The roads around us are cobblestone or dirt.  The dwellings range from very poor to the affluent, and most of them are guarded or sheltered with gates…this is a leftover from the Spanish Inquisition era.

The country here is pastoral…we walked to some newly constructed condos that we had seen on House Hunters International and the views from there are spectacular.   You can see our house from there too.  Bentley, our gracious neighbor is friends with Carolina, the realtor we saw on HHI showing these same condos!  Can’t wait to meet her.

We came back and opened windows…I think I found the perfect climate for any woman in menopause!  Around 65-70 degrees during the day and 40’s at night.  It’s very peaceful here and we are looking forward to exploring the village of Cotacachi tomorrow.  The shops open at 10am, close from 12 to 3, then open again until 6 pm.  You have to plan your shopping trip! Ecuadorians seem to be more motivated by spending time with family and friends than anything else.

So glad we got Skype to call family and friends, but the internet connection here is very, very slow – especially if it’s cloudy or raining.  Please be patient with us!

We saw two beggars on the street yesterday…it breaks my heart, just like it does anywhere else- then Bentley told me that the woman doing the begging owned half the block!  She comes out on the weekends and gets money from the gringos!

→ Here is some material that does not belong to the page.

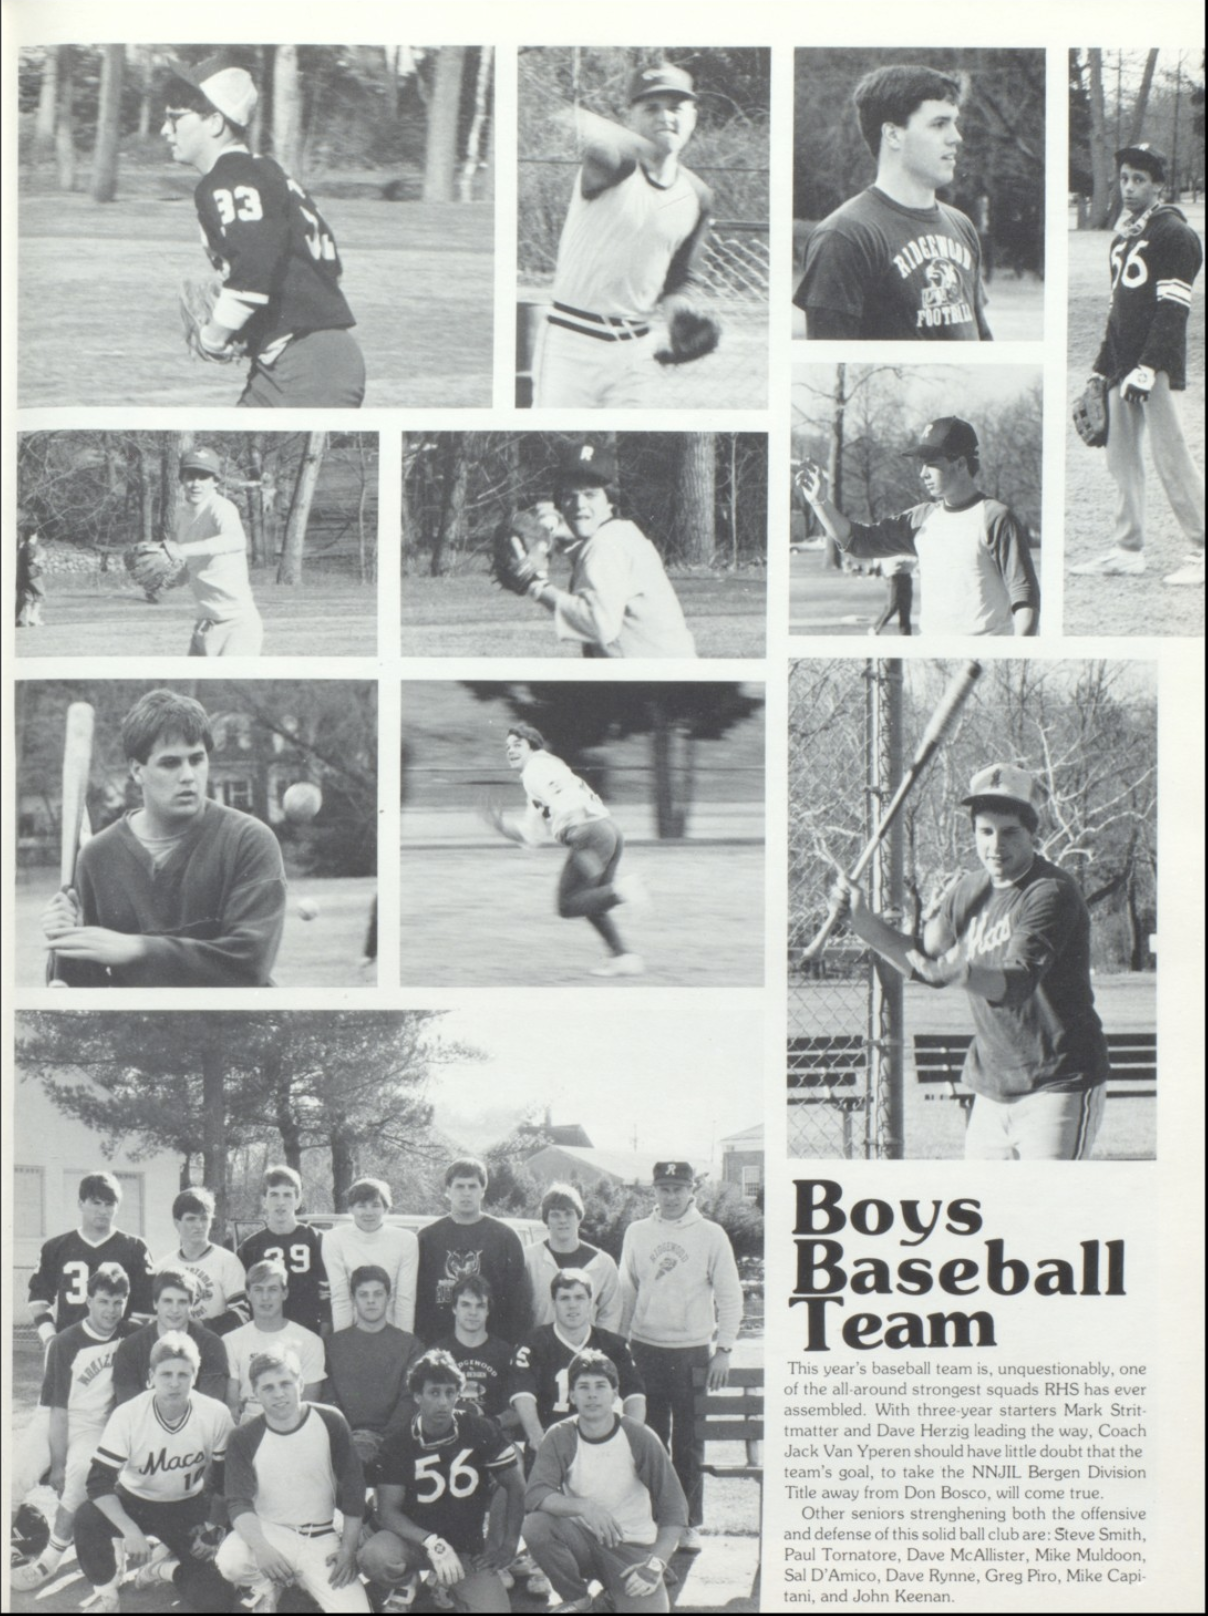 1987 Boys’ Baseball Team

Found out that it costs $1.00 to mail a letter, and we have to go to Ibarra or Otavalo.  It also costs $1.00 to receive a letter…you do not get mail at your address here like in the States…although it is very “small town” and everyone knows where you live! No UPS or FedX…there is a DHL in Otavalo, but shipping something is expensive.  We were advised to buy a nylon duffle bag in Otavalo, and stuff it with the items we want to take home (as a carry-on).

We met our next door neighbor today, Christina who is a lawyer from Washington. Tomorrow we’ll explore the village and I’m pretty pumped about Calle de Agosto (leather street)!